→ **Dataset section**
Start of Block
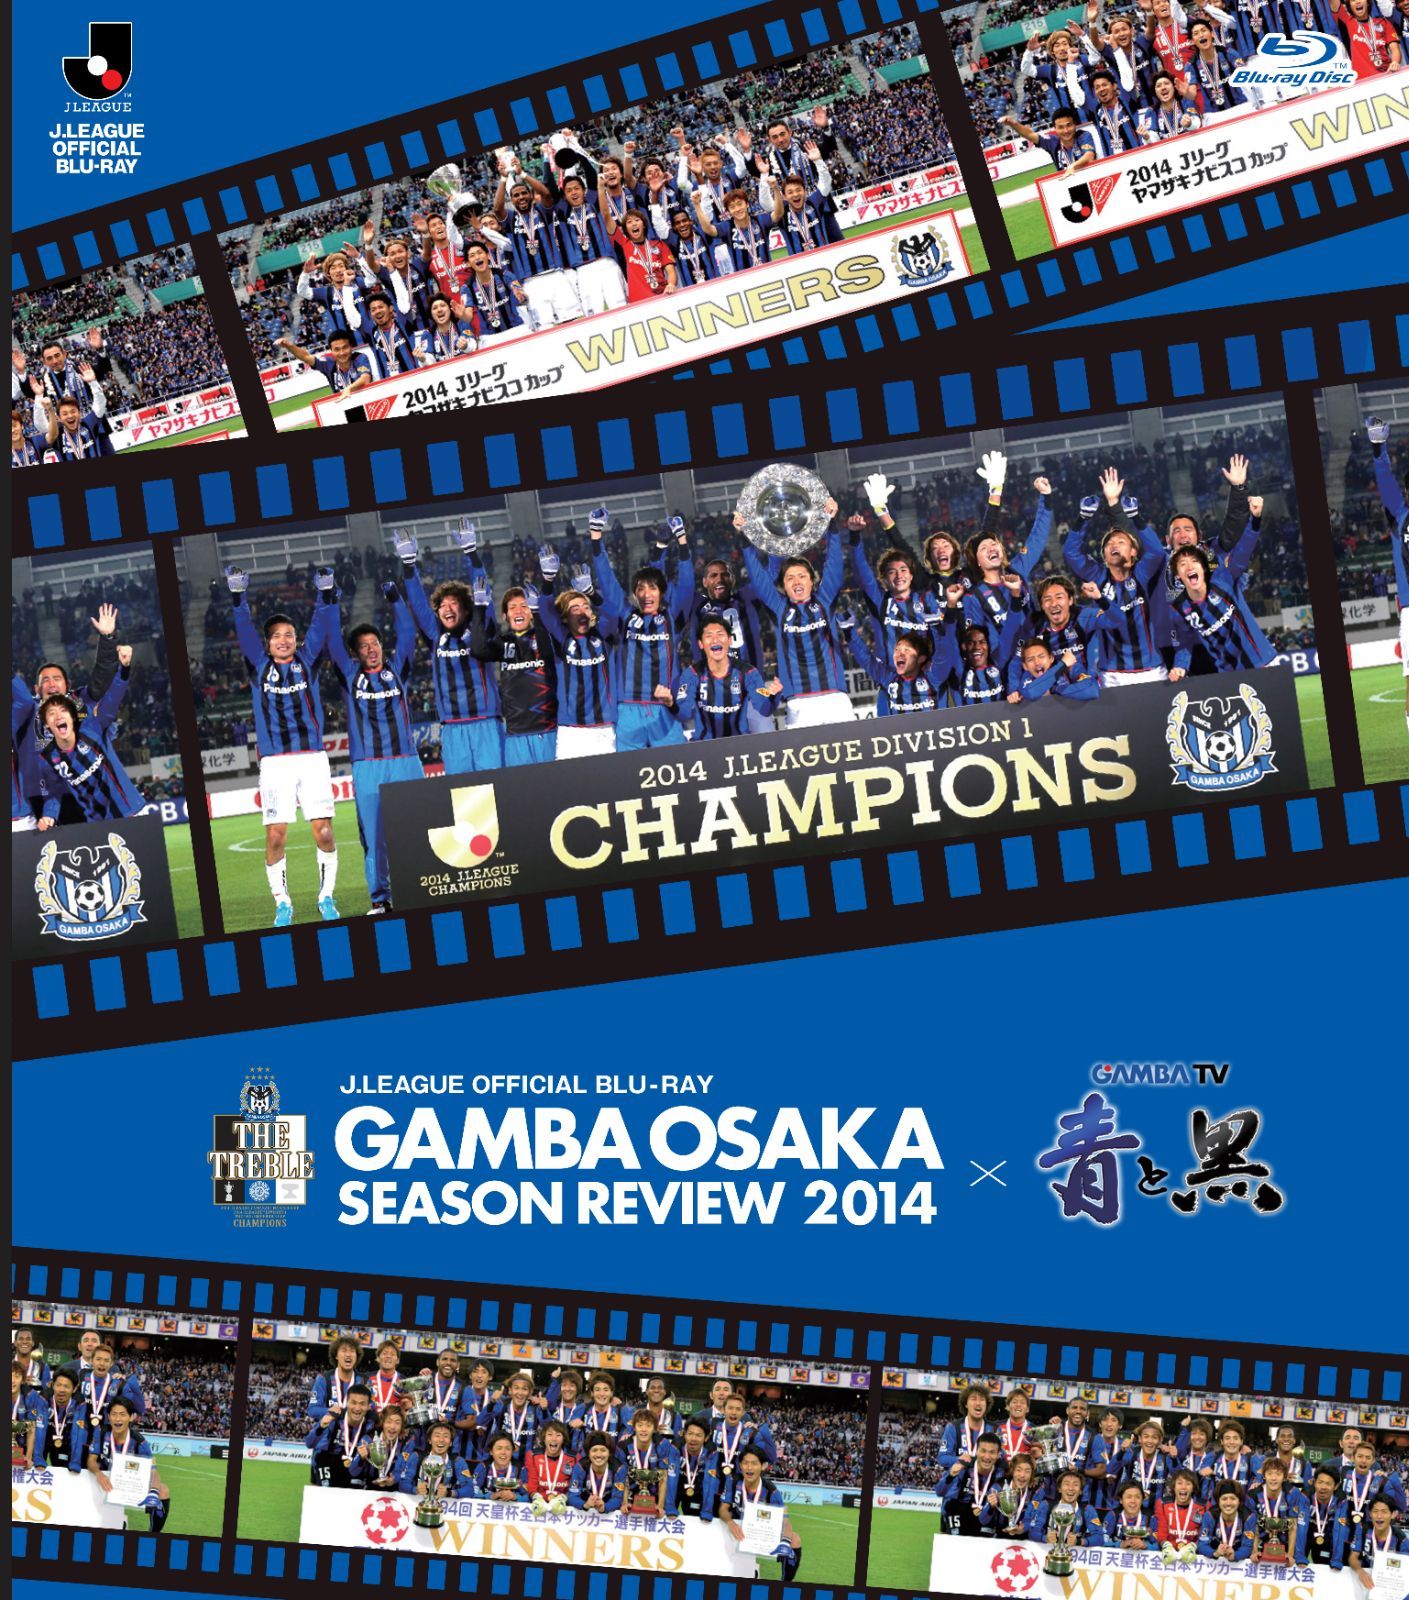 ガンバ大阪シーズンレビュー2014-2016 3シーズンセット【Blu-ray
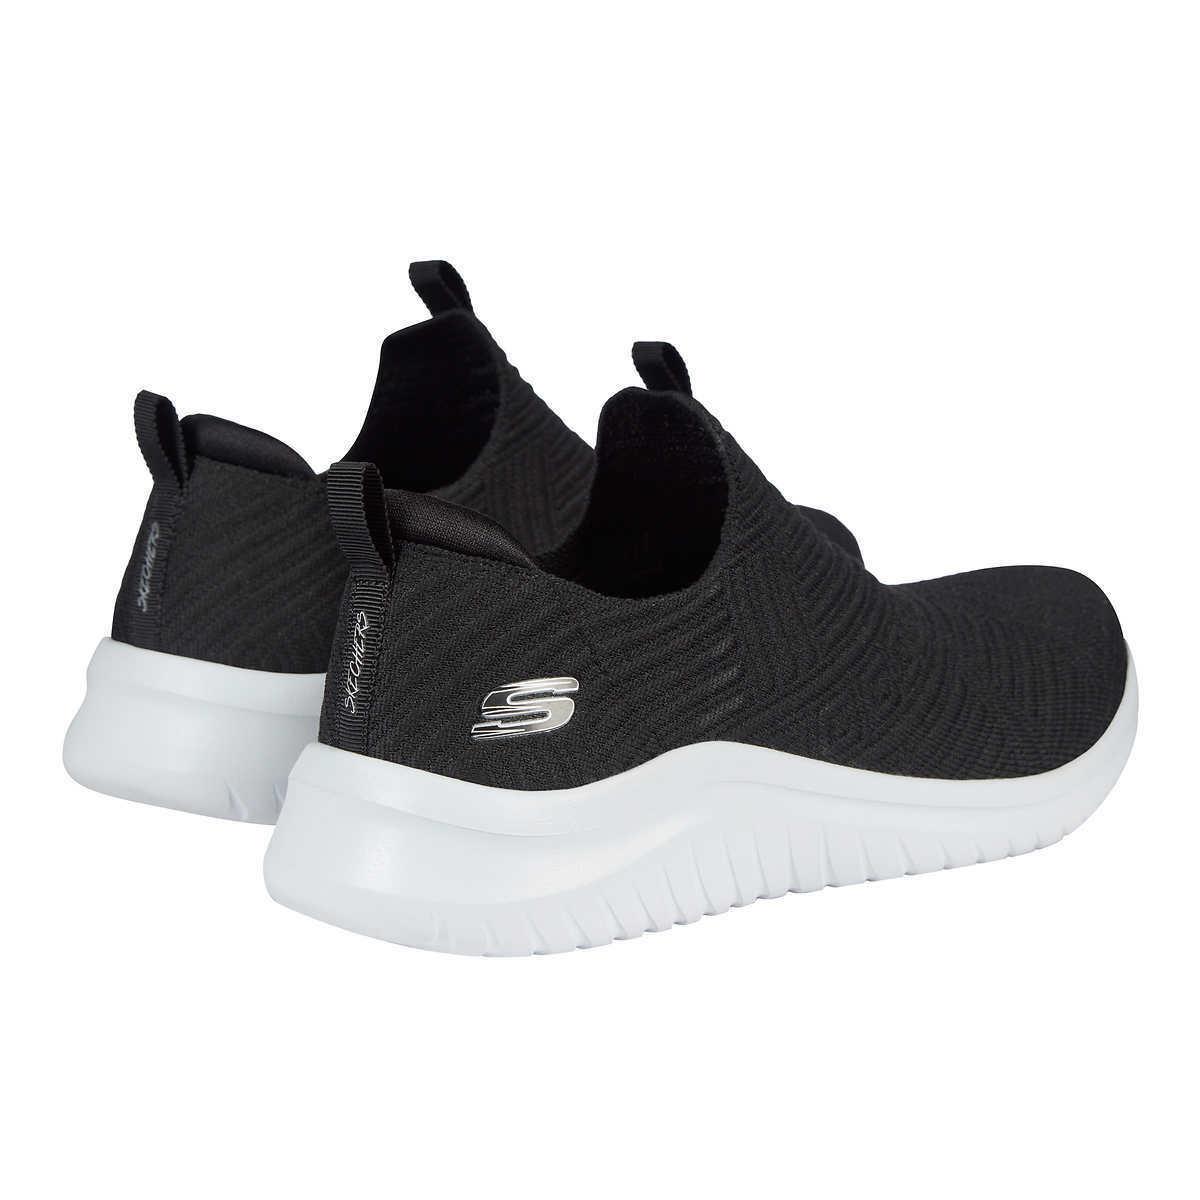 Skechers shoes Ultra Comfort 10
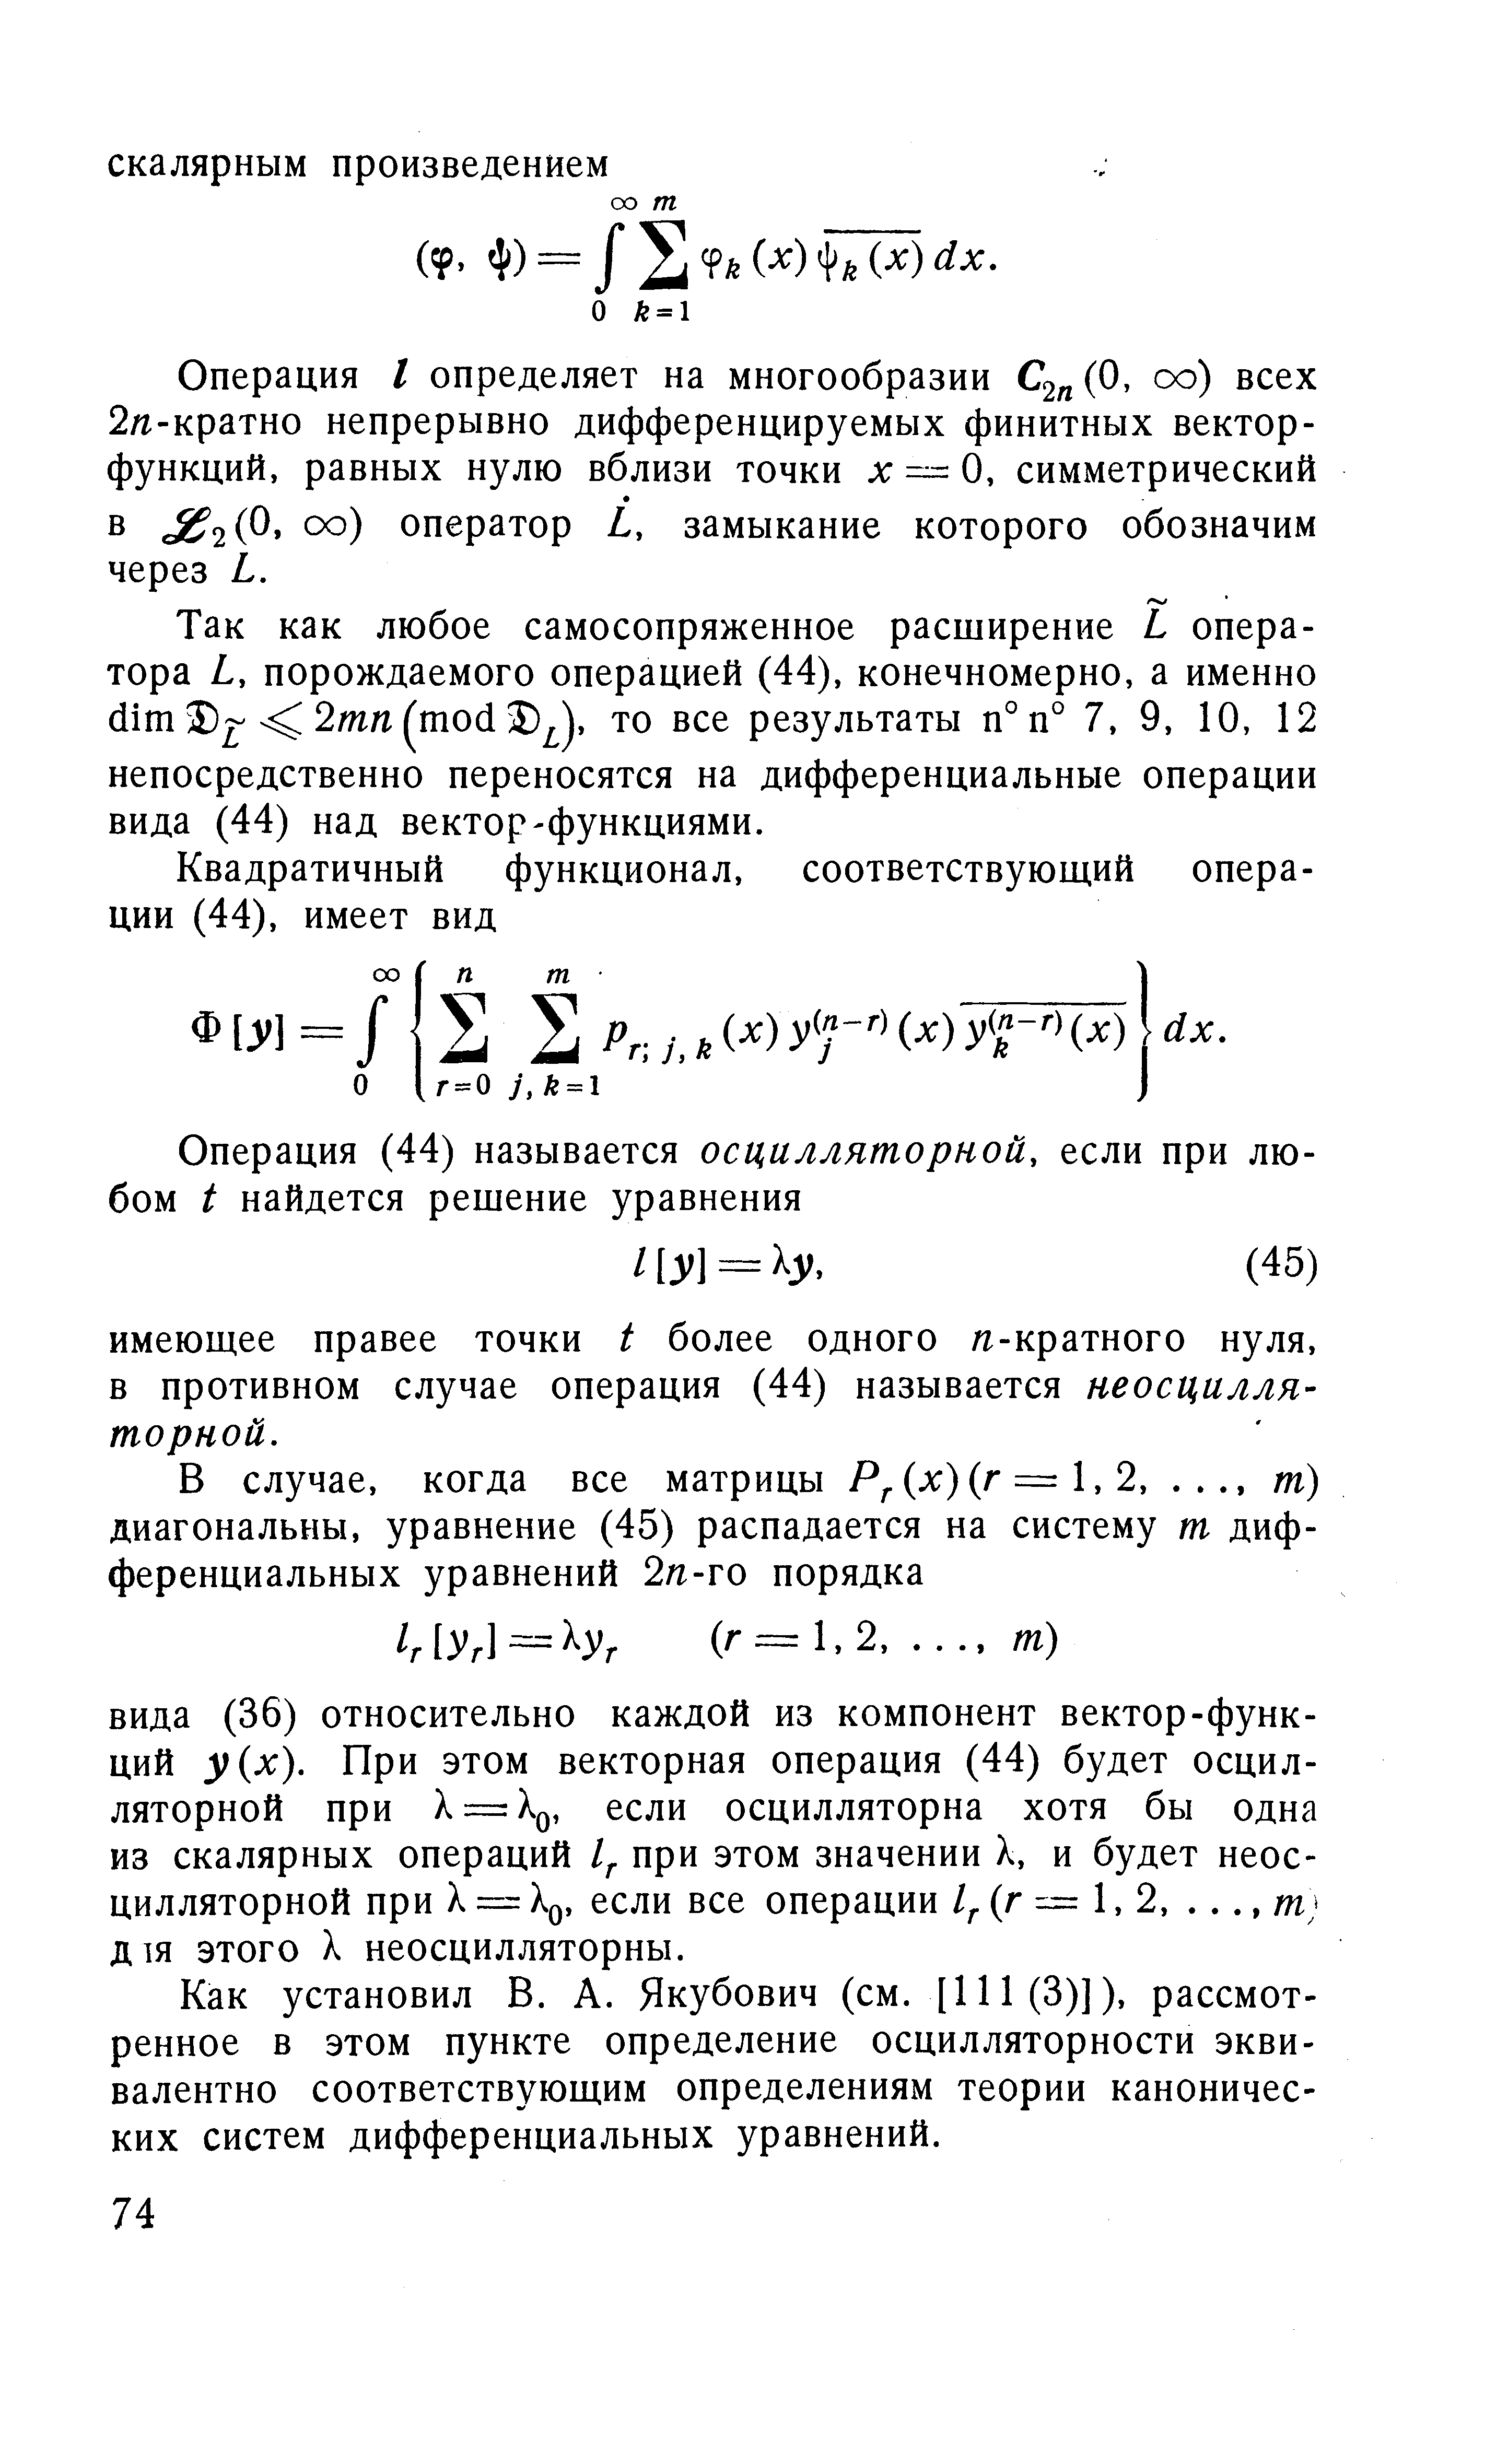 Как установил В. А. Якубович (см. [111 (3)]), рассмотренное в этом пункте определение осцилляторности эквивалентно соответствующим определениям теории канонических систем дифференциальных уравнений.
End of Block
→ **Task details**
Would you copy the lines from the one holding "Skechers shoes Ultra Comfort 10" down to the last line of the material, both included, exactly and with nothing added, skipping the pictures?

→ **Output of the task**
 Skechers shoes Ultra Comfort 10
 Как установил В. А. Якубович (см. [111 (3)]), рассмотренное в этом пункте определение осцилляторности эквивалентно соответствующим определениям теории канонических систем дифференциальных уравнений.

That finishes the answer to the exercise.